Mais il est difficile de l’affirmer avec netteté dans la
mesure où le premier témoignage (plutôt positif) comme
le dernier (plutôt négatif) viennent de "black and coloured
areas".
Quel que soit le milieu ou le type d’école, les relations
entre les élèves paraissent bonnes : «On aurait pu
penser qu’il y aurait certains problèmes de racisme, mais
nous ne sommes que trois "blancs" dans notre école et il n’y
a aucune tension particulière.» Ce témoignage rend
optimiste pour les années à venir, mais il convient, en
raison du peu d’enquêtes qui nous sont parvenues et à
la vue des milieux sociaux dans lesquels sont placés nos participants,
de savoir le nuancer en le prenant pour un témoignage isolé...
L’attitude des élèves
«Les élèves sont détendus et agréables.»
Dans l’ensemble il paraissent relativement à l’aise.
Dans les écoles les plus strictes, on sent cependant «poindre
une certaine révolte.» «Il faut dire que les élèves
sont influencés par les récits que nous leur faisons de
nos écoles (françaises ou autres).»
OBJECTIFS
«L’école sud-africaine est axée principalement
sur le développement des connaissances. On veille aussi à
y développer l’esprit critique des élèves.»
Un professeur nous parle de tentative «d’exploiter le potentiel
de chacun et d’apprendre aux élèves à développer
les relations avec les autres milieux sans tenir compte des différences
sociales, économiques, raciales et culturelles.»
Les objectifs paraissent nobles mais ne semblent pas toujours atteints
. Voyons plutôt :
Niveau
Les différences semblent une fois encore immenses. Ici on parle
de «bon niveau», là de «points très faibles,
de manque d’organisation et de rigueur» ou encore «de
cours qui sautent ou qui sont pris trop à la légère».
«L’enseignement, nous dit-on, ne profite pas toujours aux
élèves.»
Complémentarité par rapport à l’école
française
Nos participants crient d’une seule voix :«Il ne faut pas
hésiter à venir.» «Ici, il y a de vrais problèmes,
mais c’est très enrichissant.»
UNE ANECDOTE
«En "Home Economics", j’ai appris à laver et à
cuisiner, et, croyez-moi, c’est vraiment très pratique !»
RUSSIE
Un seul participant en Russie cette année (en l’occurrence
une participante) donc une seule enquête.
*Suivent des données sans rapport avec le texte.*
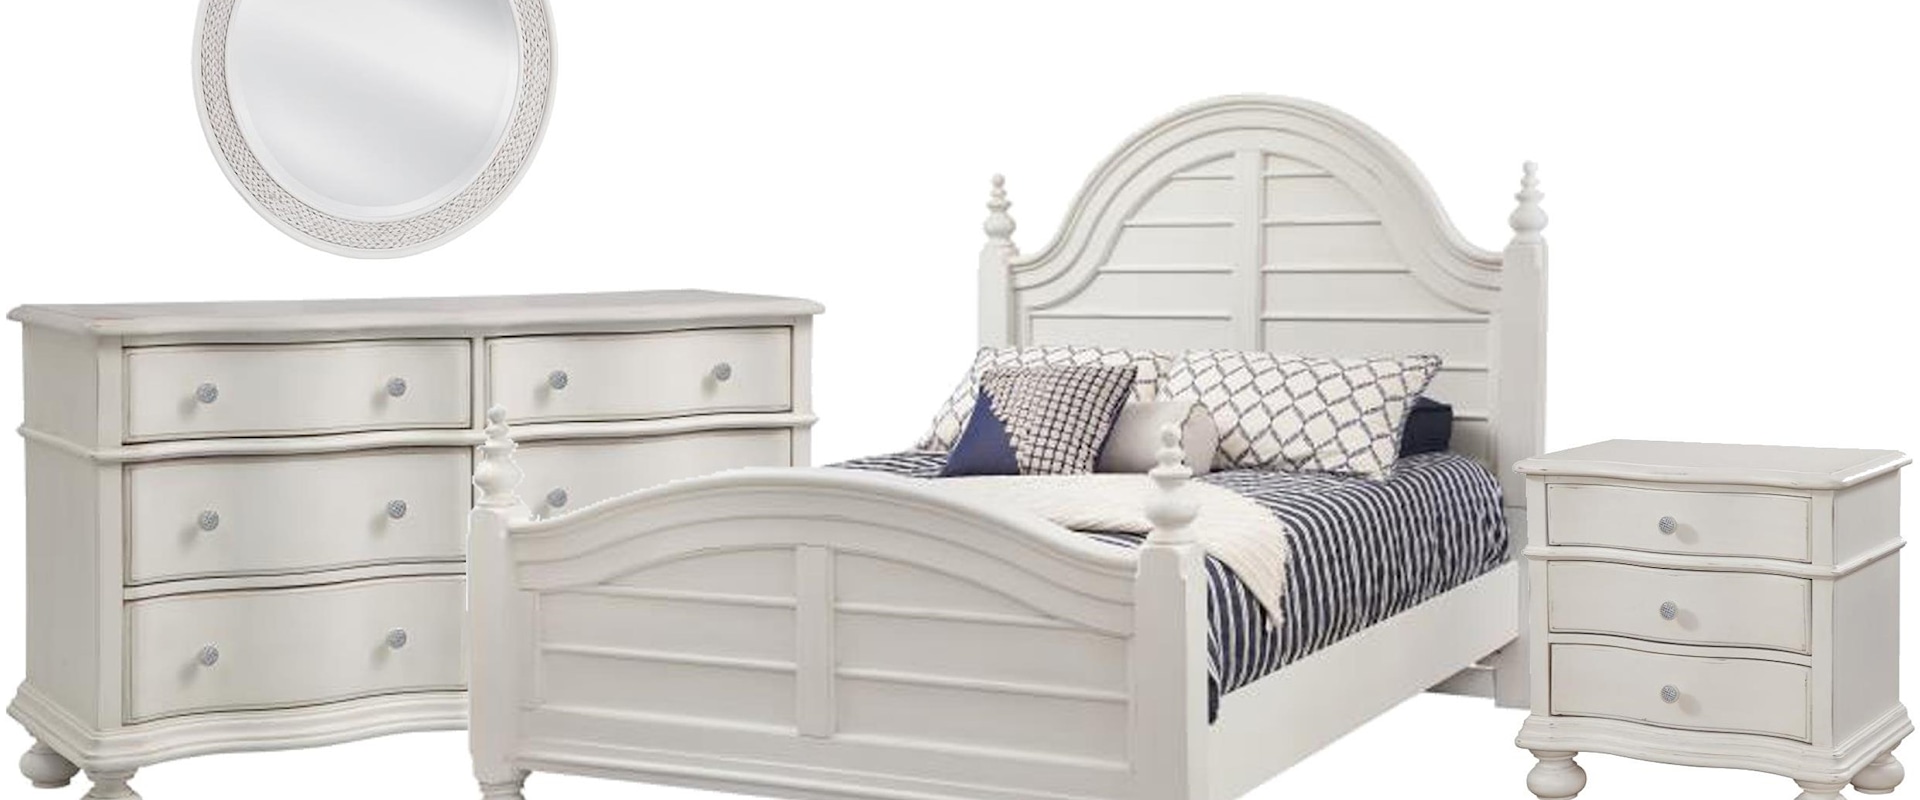 Queen Poster Bed, 6 Drawer Bureau, Round Mirror, and 3 Drawer Nightstand
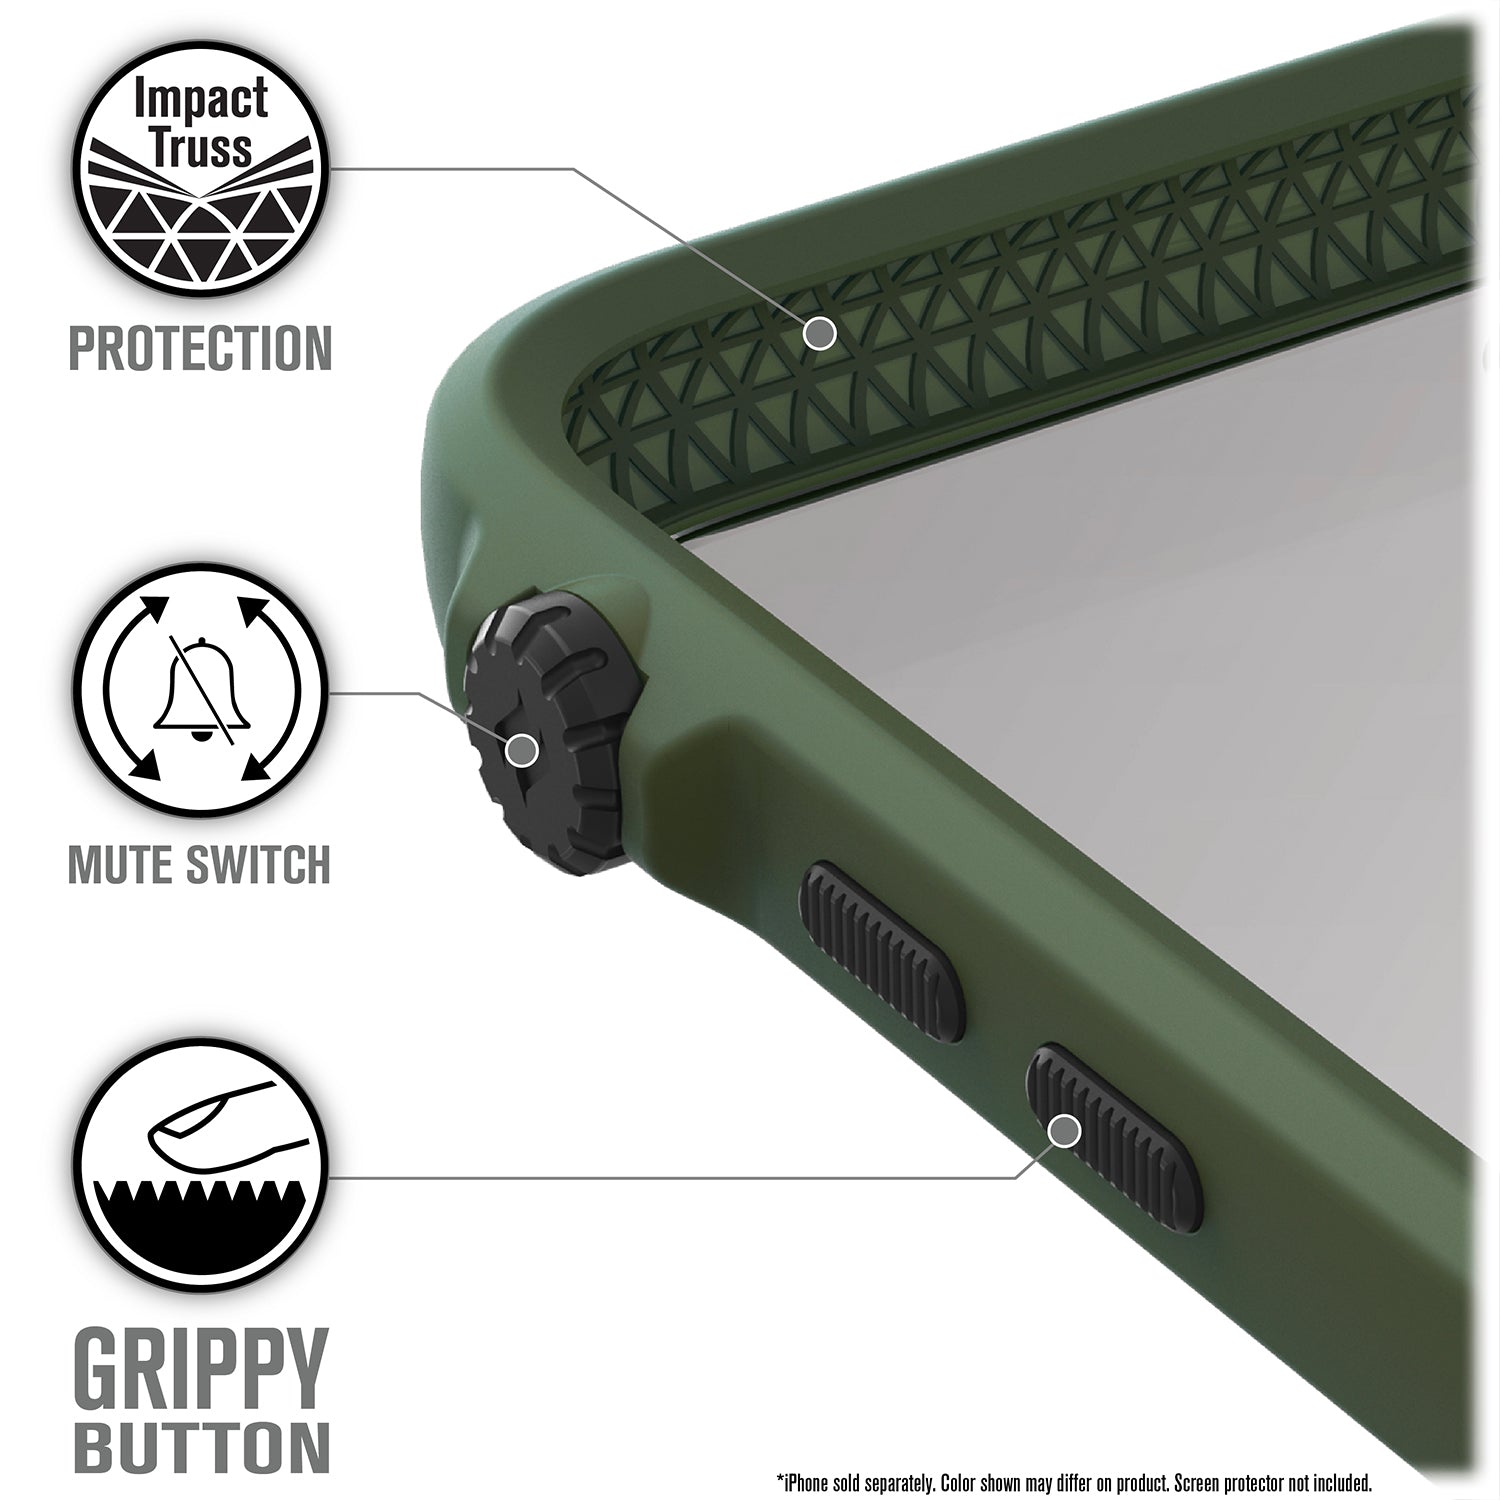 Catalyst iphone 8/7 impact protection case showing the case's geometrical design in a army green colorway text reads impact truss protection mute switch grippy button

Mais un compte-rendu
qui ne manque pas d’intérêt.
LE DIPLÔME
L’examen intermédiaire, que les jeunes Russes passent vers
leur quatorzième ou quinzième année, permet de les
diriger vers une filière adaptée : "scientifique", "littéraire",
ou "enseignement global". L’examen porte sur le Russe, les Maths,
deux matières choisies par l’élève et une matière
choisie par les professeurs. L’examen dit "de sortie" permet d’entrer
à l’université. Il porte, lui, sur le Russe et sur
les matières choisies par l’élève. Les épreuves
sont notées sur 5. Une note inférieure ou égale à
2 est éliminatoire.
Notre participante juge la structure d’études assez au point,
notamment en ce qui concerne les classes à "profil".
RYTHME SCOLAIRE
Les rythmes annuels
L’année est, comme en France, découpée en trois
trimestres. Les périodes de vacances (des périodes d’une
semaine) se situent en plein milieu et en fin de trimestre.
Le rythme hebdomadaire et journalier.
Les cours ont lieu du lundi au vendredi. Quelques classes, dans certaines
écoles, ont lieu le samedi. Les cours durent 40 ou 45 minutes et
s’étalent entre 8H30 et 14H00 environ (dans certaines écoles
15H00). Il n’y a pas de pause pour le déjeuner et cela semble
«parfois dur» pour une jeune française : «A 12
heures, mon ventre crie famine, et puis je trouve ça un peu dommage
car c’est un bon moment pour parler et se retrouver entre amis.»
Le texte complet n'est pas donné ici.